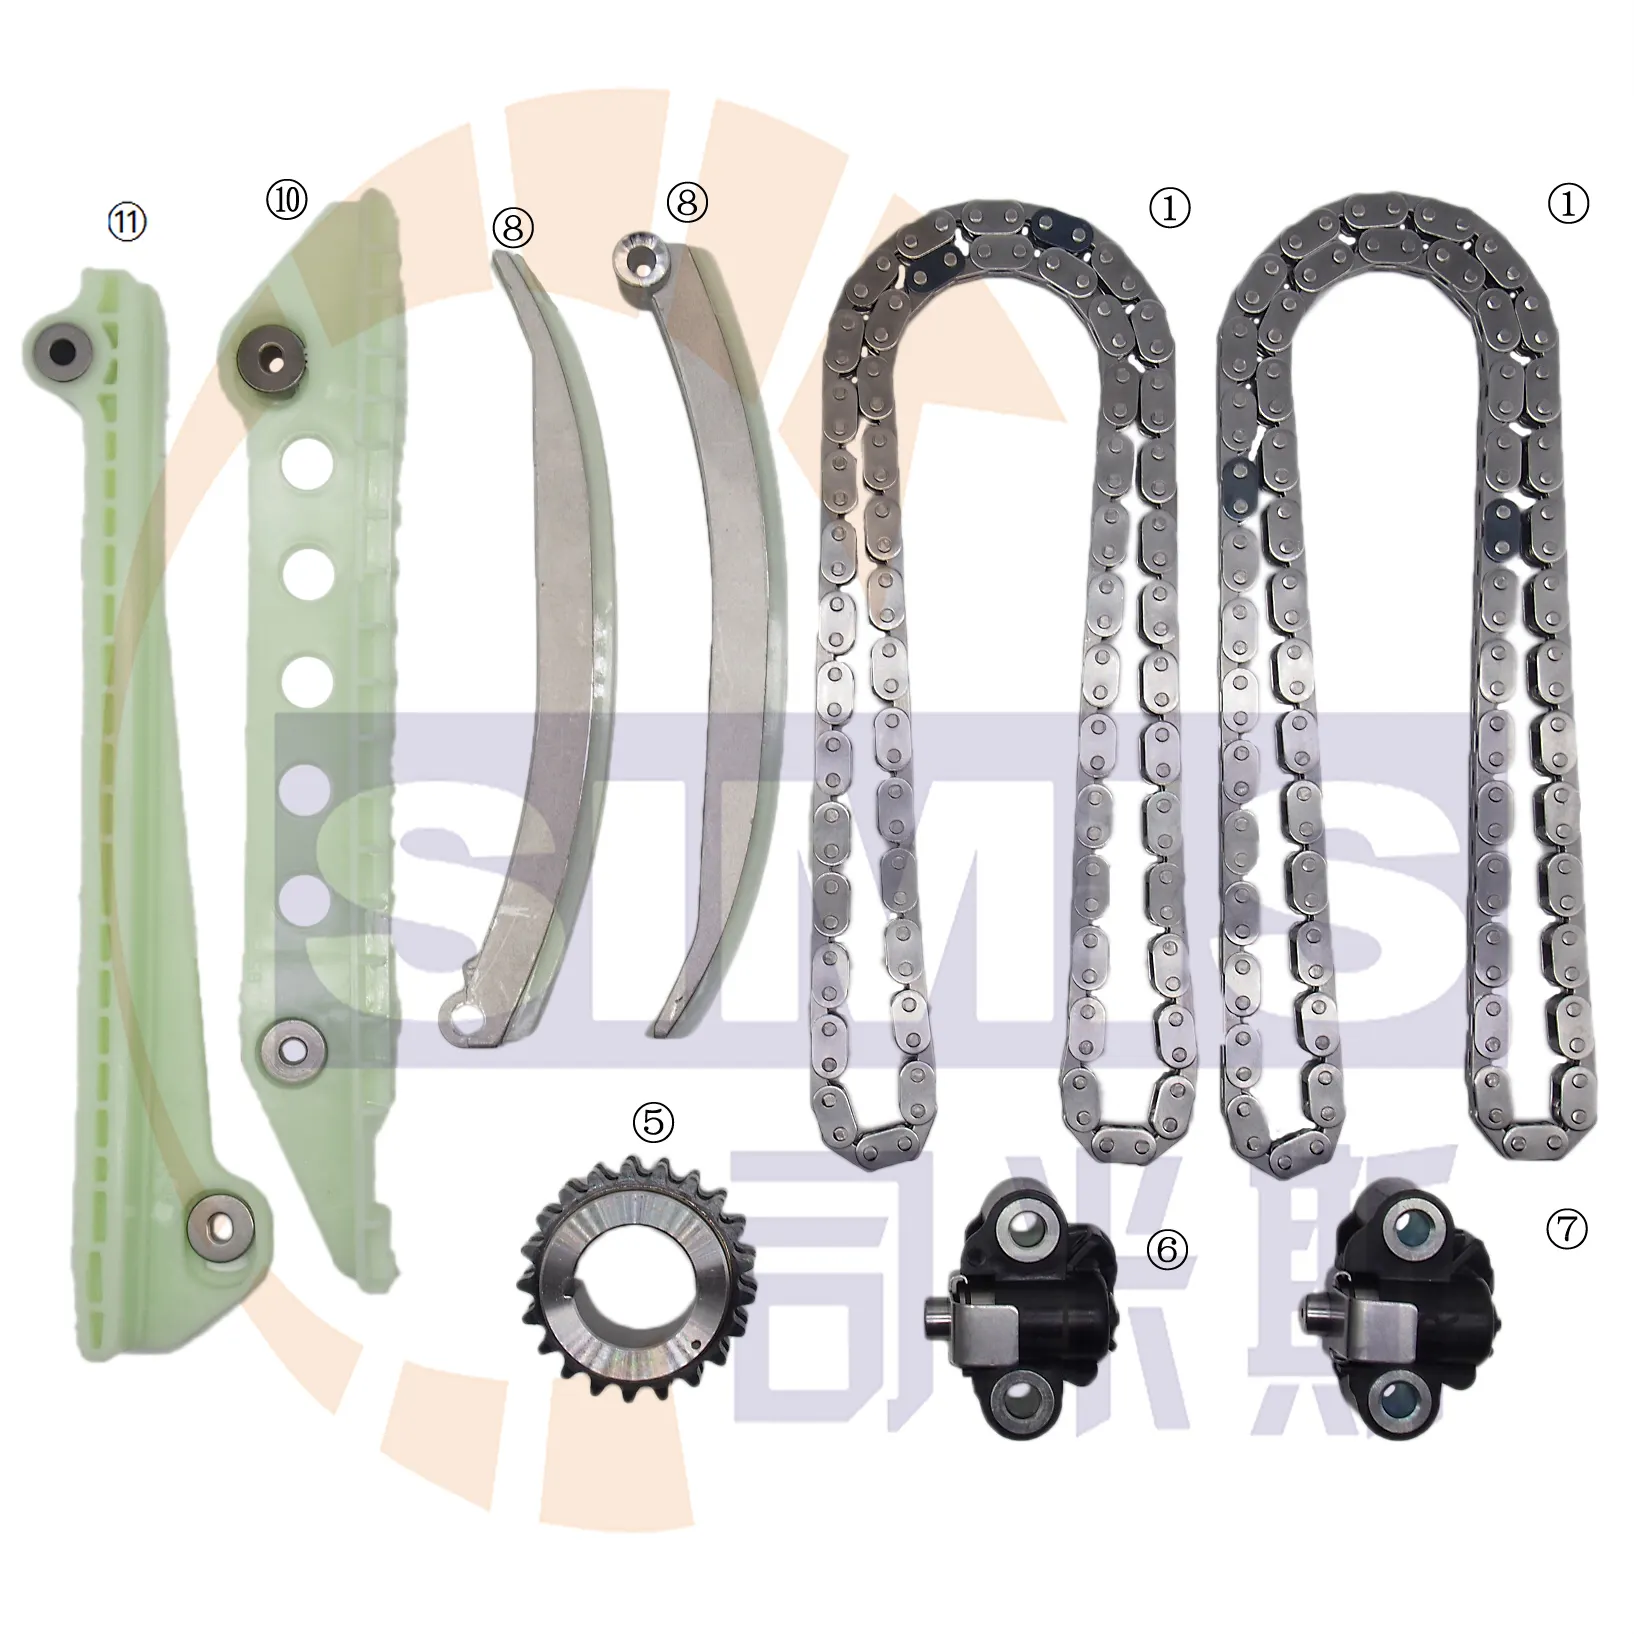 SIMIS PARTS Timing Chain Kit Digunakan untuk Ford Explorer Racing E150 F150 Lincoln Mercury 4.6L
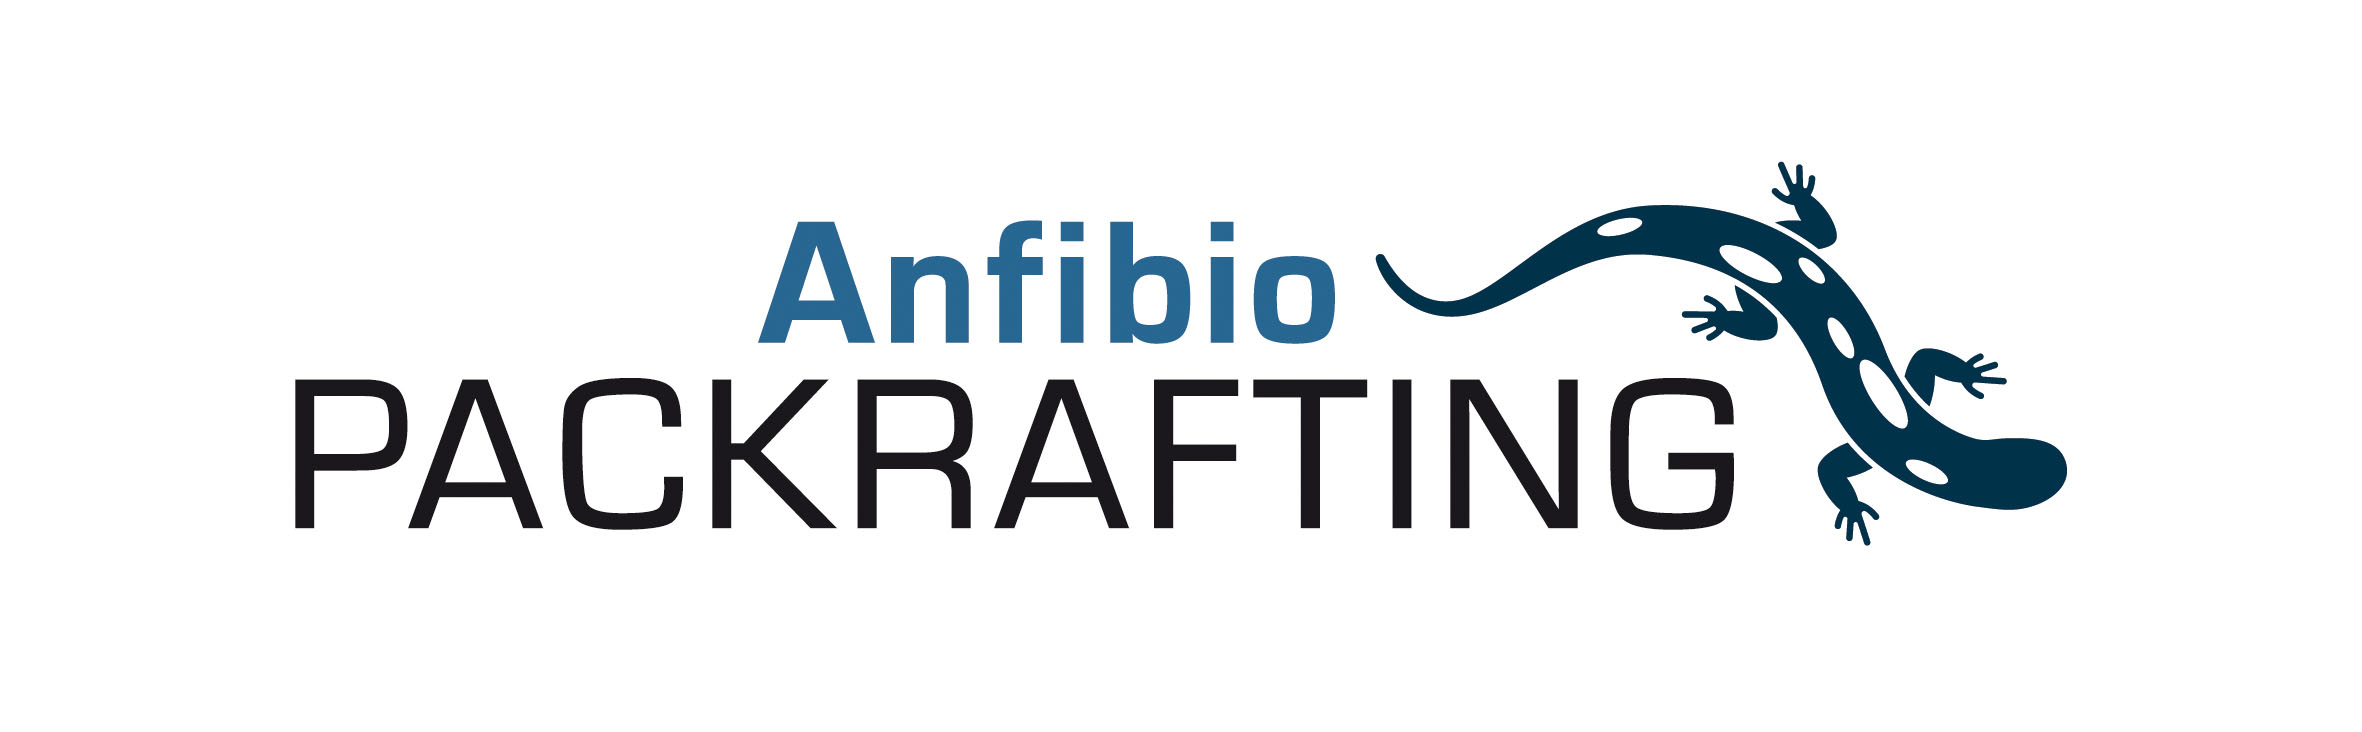 Logo Anfibio Packrafting
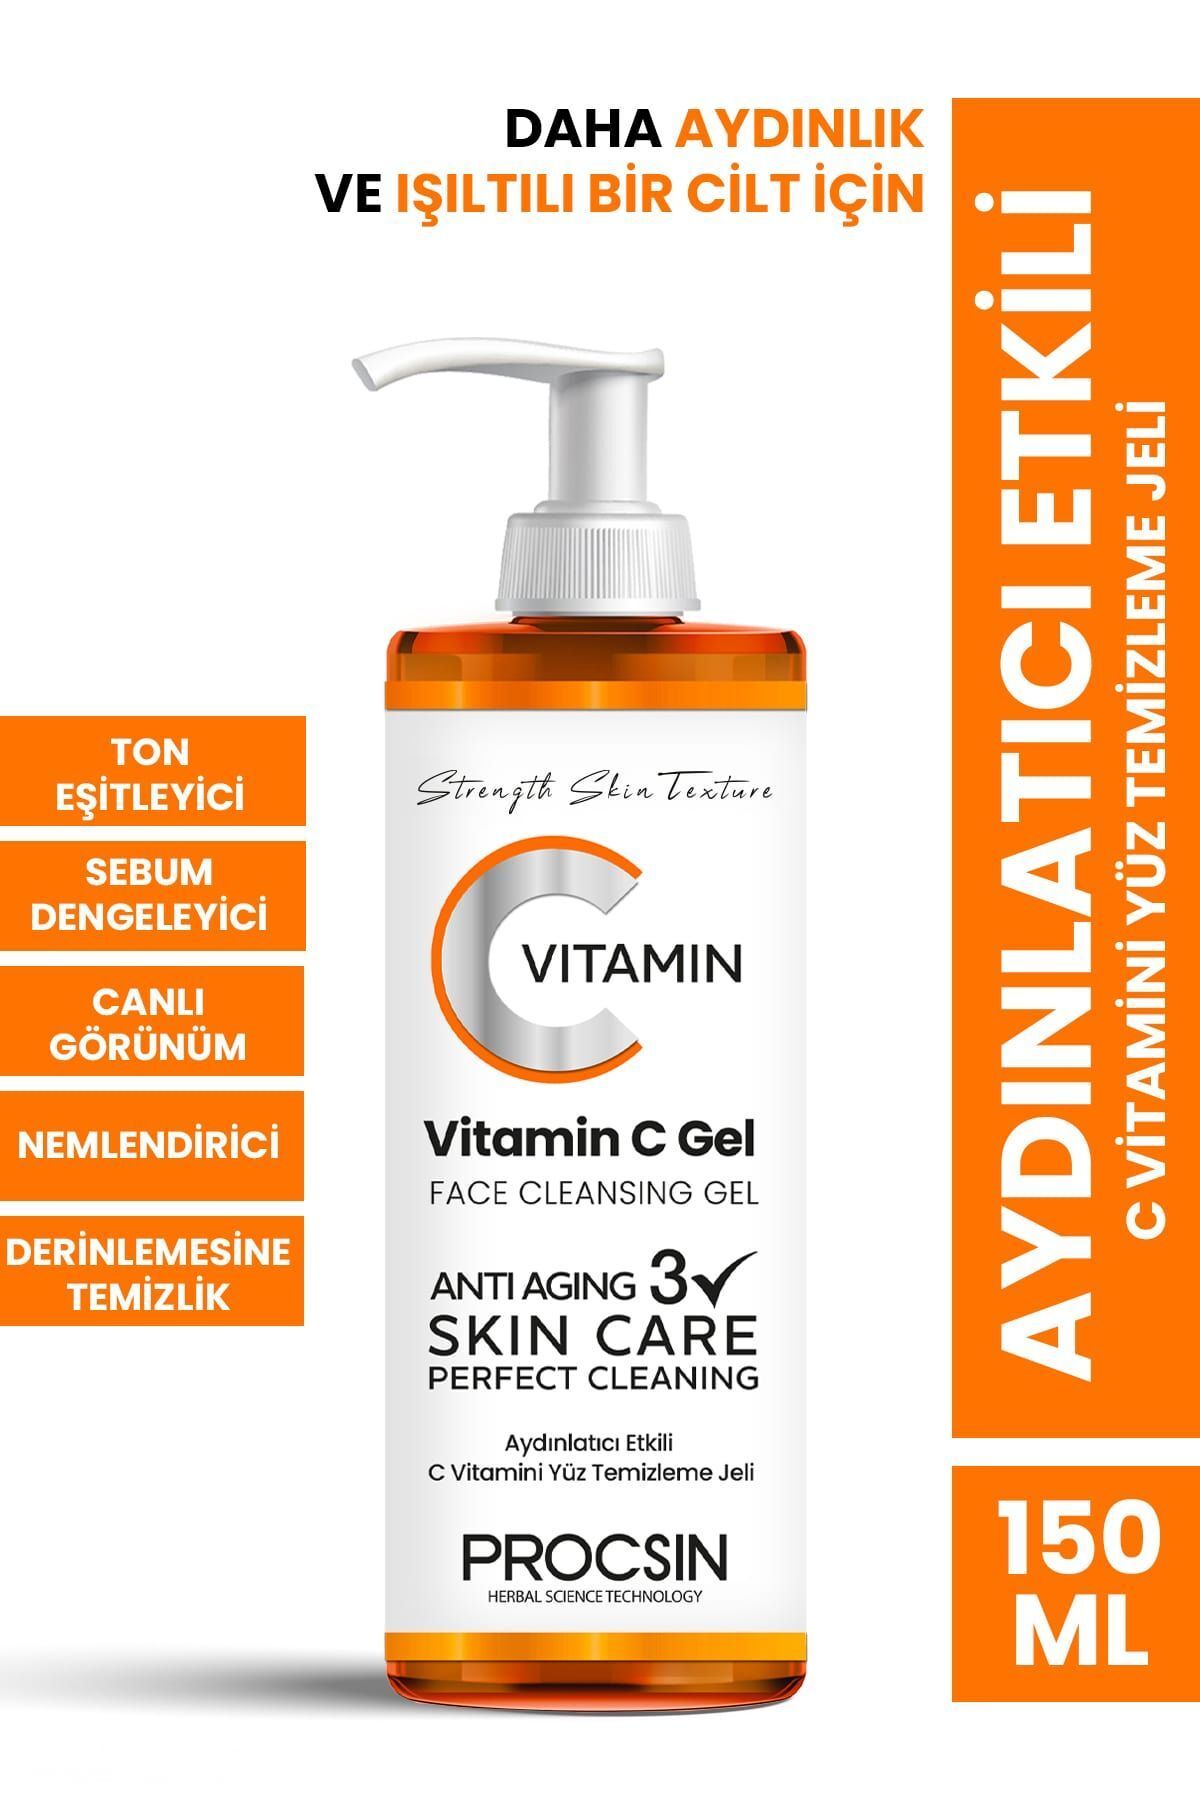 PROCSIN Aydınlatıcı Etkili C Vitamini Yüz Temizleme Jeli 150 ML
—————
* **Problem**: Pictures in the listing above must be skipped; everything else should be copied exactly.

* **Written response**:
 SIMIS PARTS Timing Chain Kit Digunakan untuk Ford Explorer Racing E150 F150 Lincoln Mercury 4.6L
 Logo Anfibio Packrafting
 PROCSIN Aydınlatıcı Etkili C Vitamini Yüz Temizleme Jeli 150 ML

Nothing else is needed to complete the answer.